Но зоотехник почему-то уставился на свои лакированные ботинки.

– Ну и грязь здесь у тебя, Иван. Как я городское начальство приведу?..

– Так ведь это же коровы…

– Коровы, коровы… Вот заладил. А ты на что?..

И уже почти примирительно, соскабливая с каблуков толстый слой навоза, продолжил:

– Ты вот что, Иван, побудь здесь, понаблюдай за развитием событий, а я пока начальству позвоню – доложу. Надо, видимо, консилиум ветеринаров собирать. Случай уж больно необычный…

Едва затих мотор мотоцикла, Иван с досады забросил лопату подальше с глаз своих и тяжело вздохнул:

– Вот так всегда, чуть что – Иван крайний.
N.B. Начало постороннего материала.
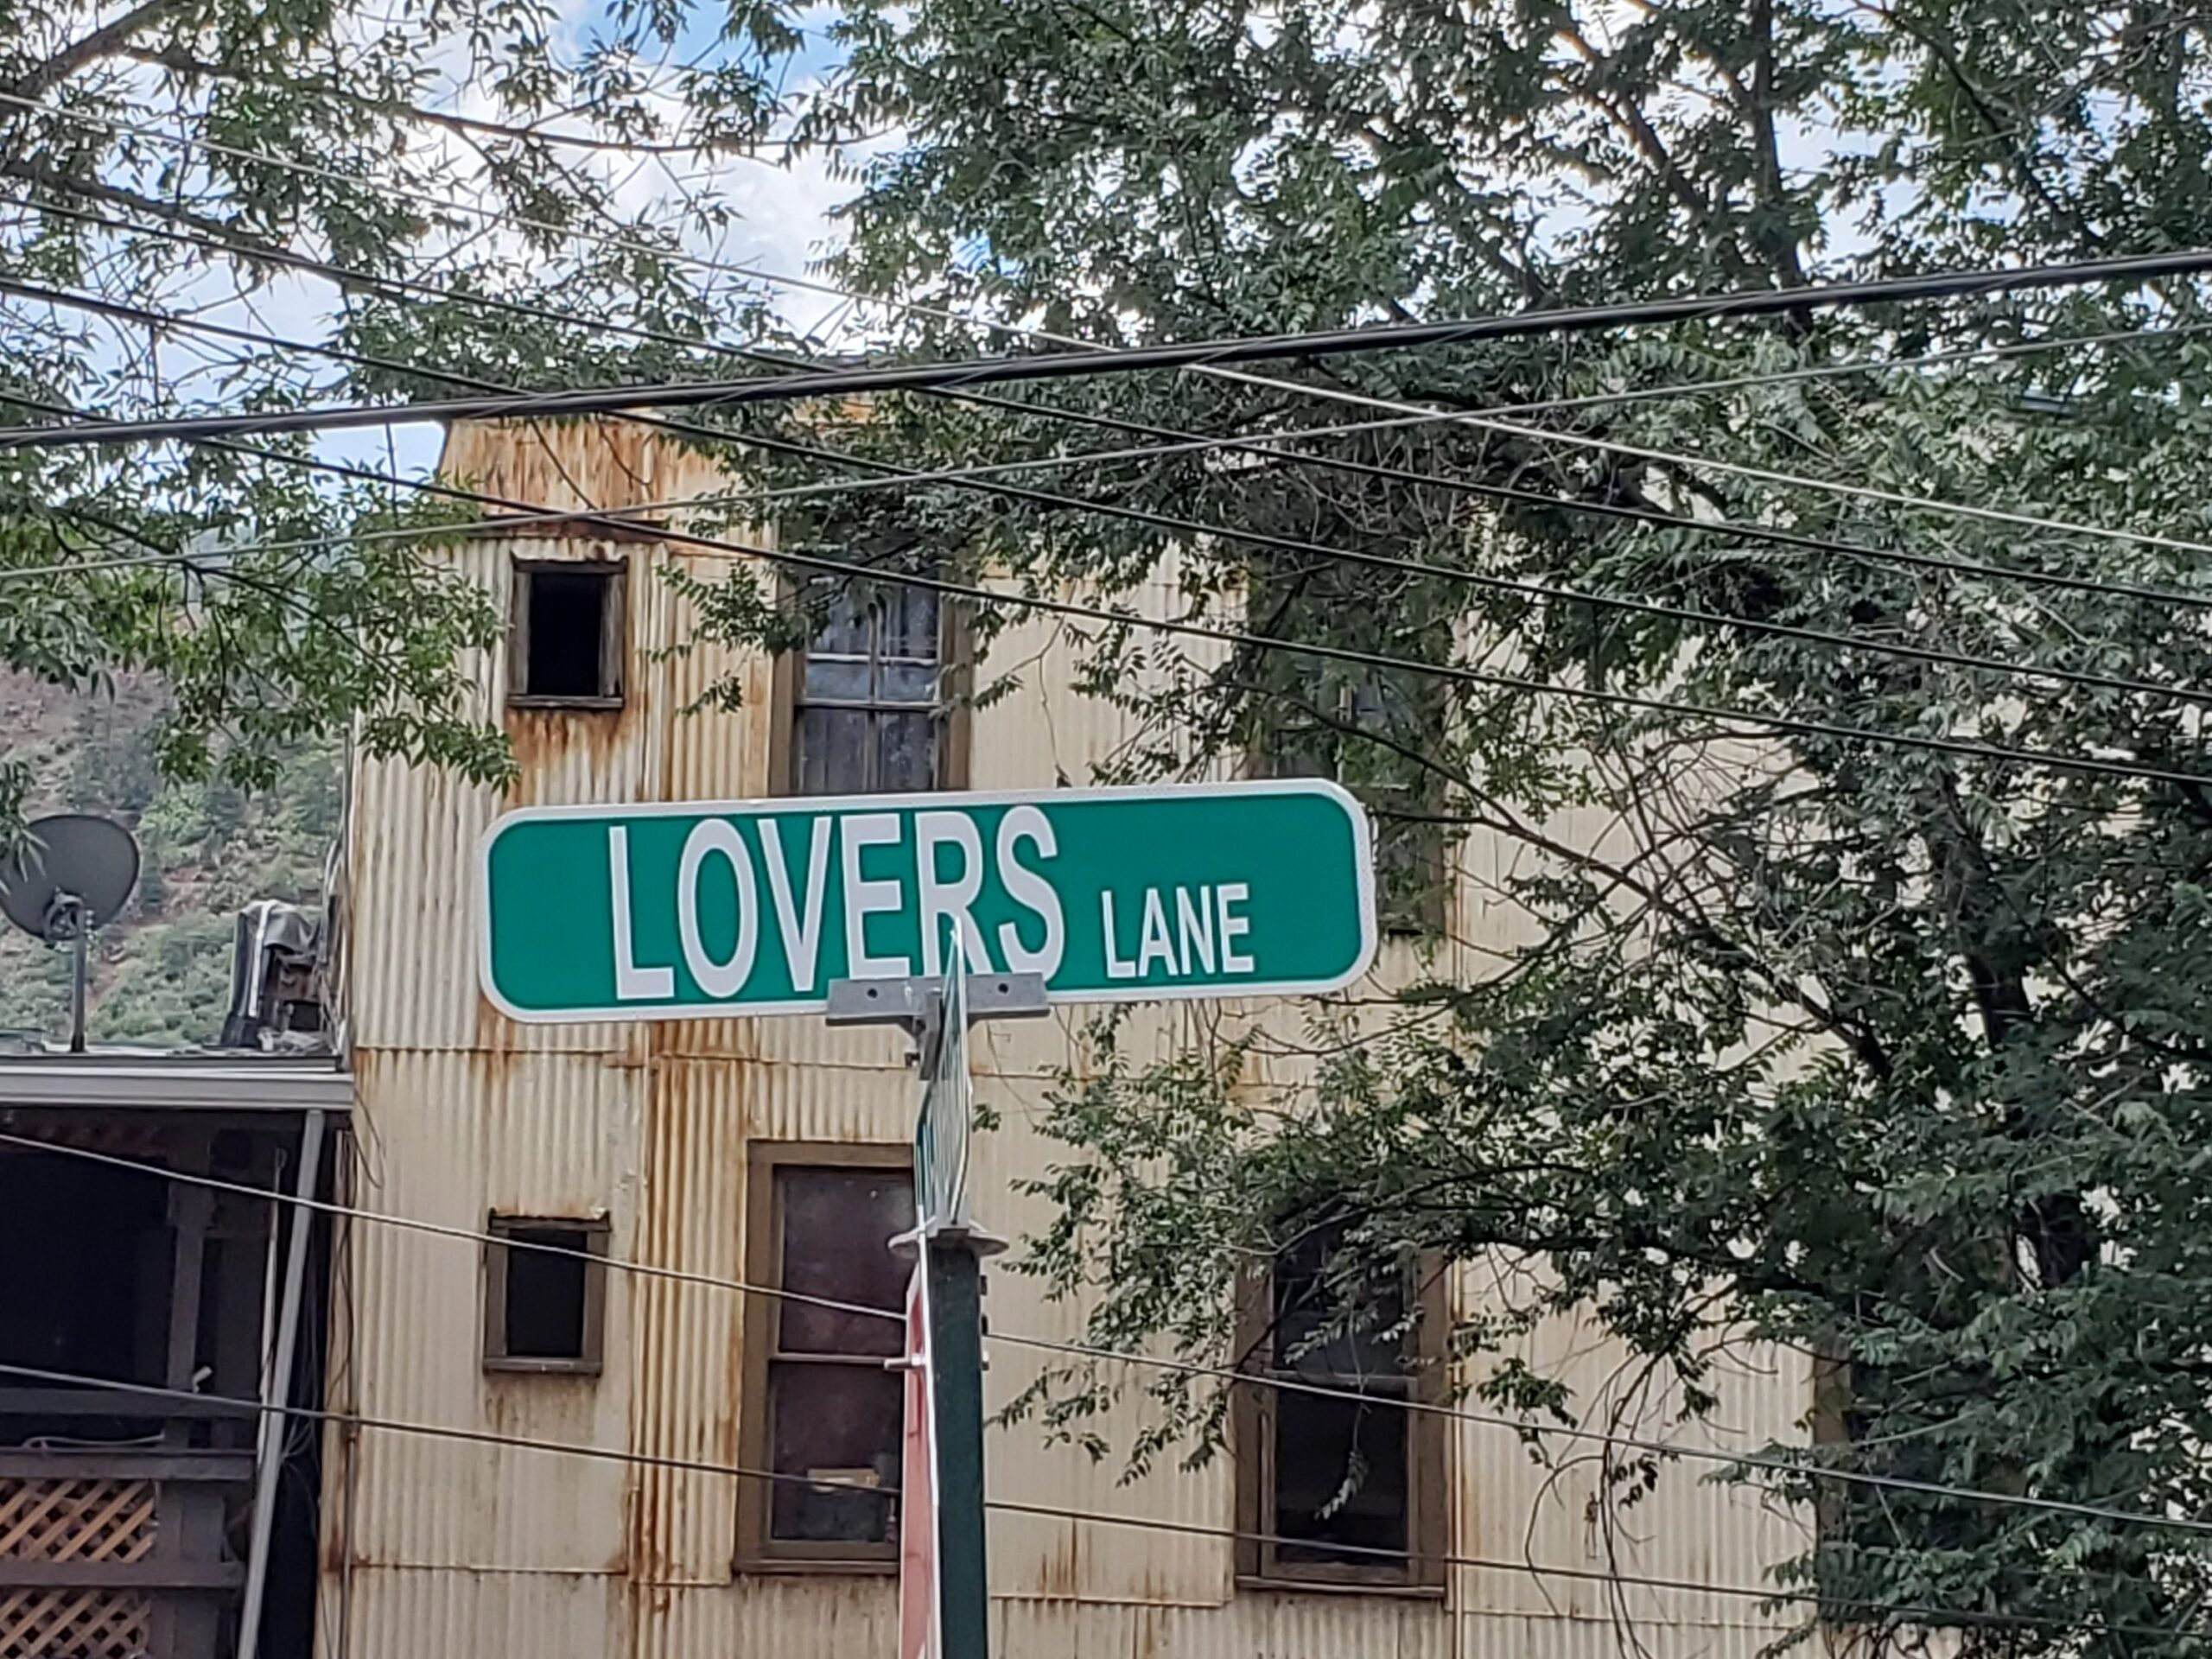 Lovers Lane Street Sign
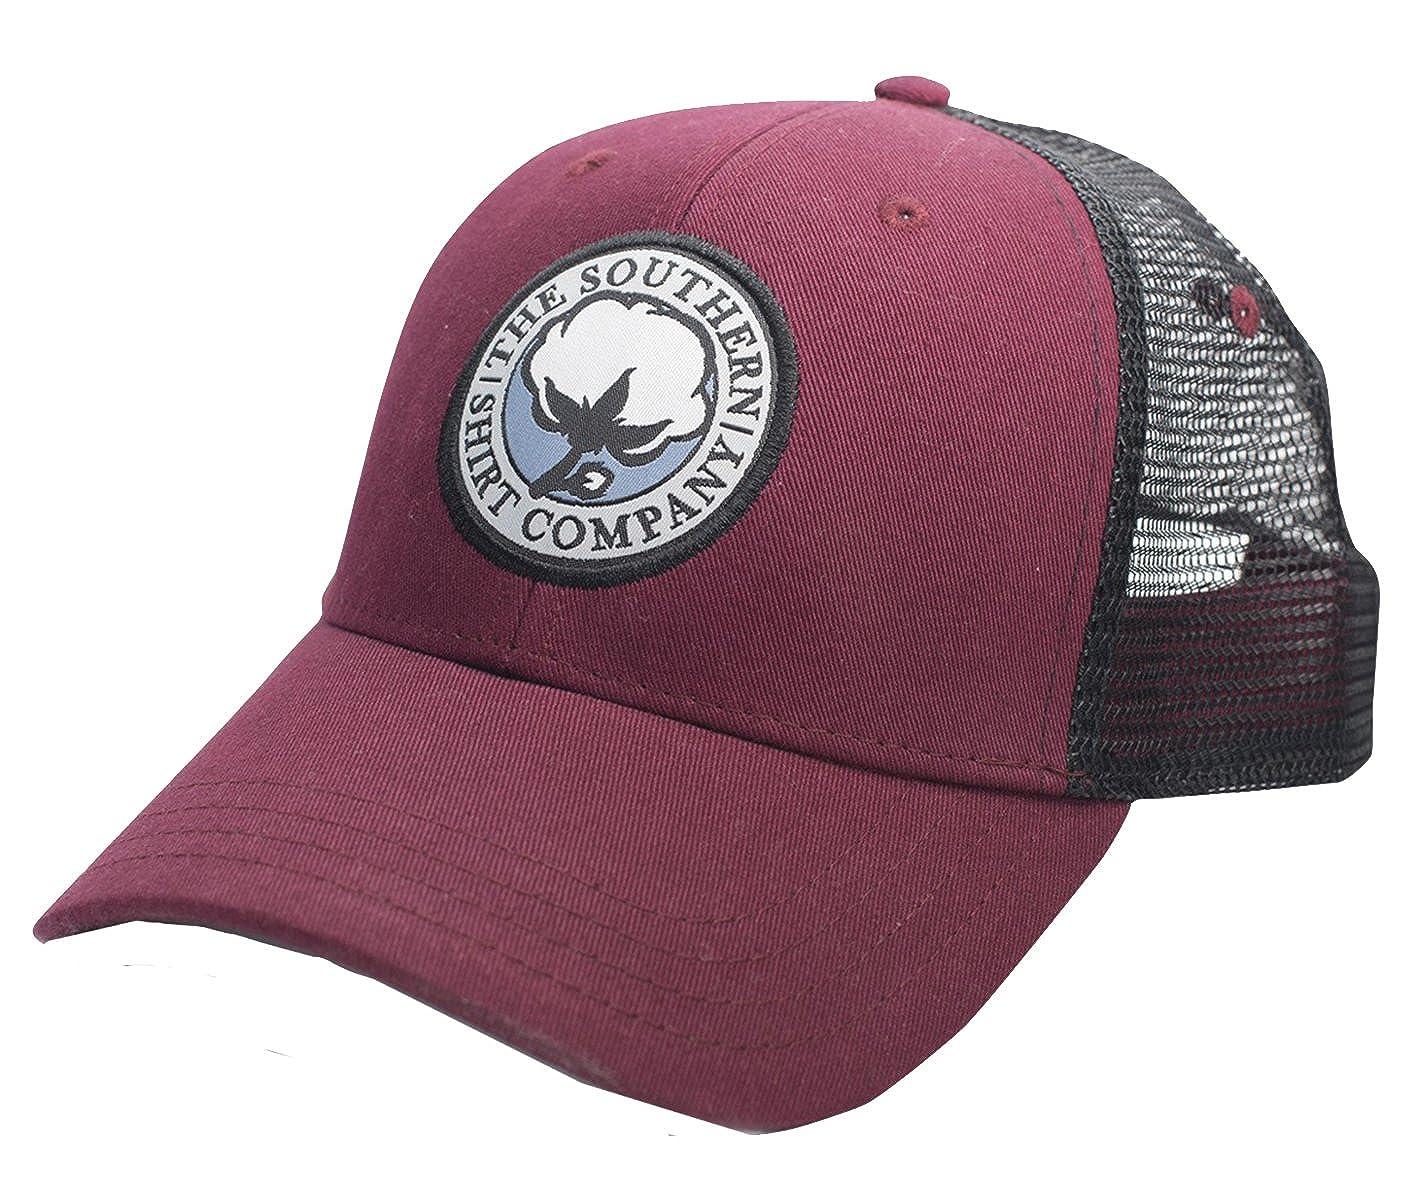 Southern Shirt Mesh Back Trucker Hat

А вдруг она, эпидемия эта, заразная? Ну, нет, нашёл дурака!

И решительно двинулся прочь от фермы. Домой идти не хотелось. Да и что дома? Опять бесконечное Дарьино ворчание. У сельпо Ивану попался Фёдор, бывший тракторист, а теперь почётный инвалид деревни.

– А, Федька. Трояком не пособишь?

– Да я не прочь, если в компанию возьмёшь…

На том и сговорились. Маньку, продавщицу сельповскую, девку здешнюю, уговаривать долго не пришлось, хоть и наказ председателя был строгий: по воскресеньям не продавать! Но чего не сделаешь ради плана.

– Не может быть! – сказал Фёдор, когда они опрокинули по третьей. – У коров копыта красные! Они же не дамы светские! Ну ты и загнул…

– Да говорю тебе – эпидемия – упорно бубнил изрядно захмелевший Иван. – Не веришь? Пойдём!

– Ну пошли…

К ферме они добрались, когда уже закончилась вечерняя дойка. Вокруг не было ни души…

– Что я тебе говорил? – тыкал пальцем куда-то вниз еле стоящий на ногах скотник. – Красные!

– Красные! – согласился Фёдор. – А почему красные?

– А бес их знает. Может быть к пасхе покрасились..

– А рога почему красные? – не унимался Фёдор.

– Какие рога?

– Обыкновенные! Коровьи! Тебе пока ещё не наставили…

Действительно, рога у коров тоже были красные…

– Да, надрались же мы сегодня! – последним полутрезвым умом подумал Иван. – Машенька, моя милая, кто ж тебя так…

Иван хотел сказать «изуродовал» и по пьяной своей привычке потянулся было к коровьей морде…

Но страшнее того, что он вдруг увидел, и по трезвости не показалось бы: два, в красных ободах, глаза посреди чёрной, в ярко кровавых пятнах морде, свирепо и осуждающе смотрели на пьяного Ивана…

Лишь от длинных гудков в телефонной трубке животный страх чуть-чуть отпустил Ивана. Зоотехник Макарыч, видимо, уже спал…

– Пошли Иван спать, ну их к чёрту, твоих красненьких – пробурчал, тыкаясь в край стола, Фёдор…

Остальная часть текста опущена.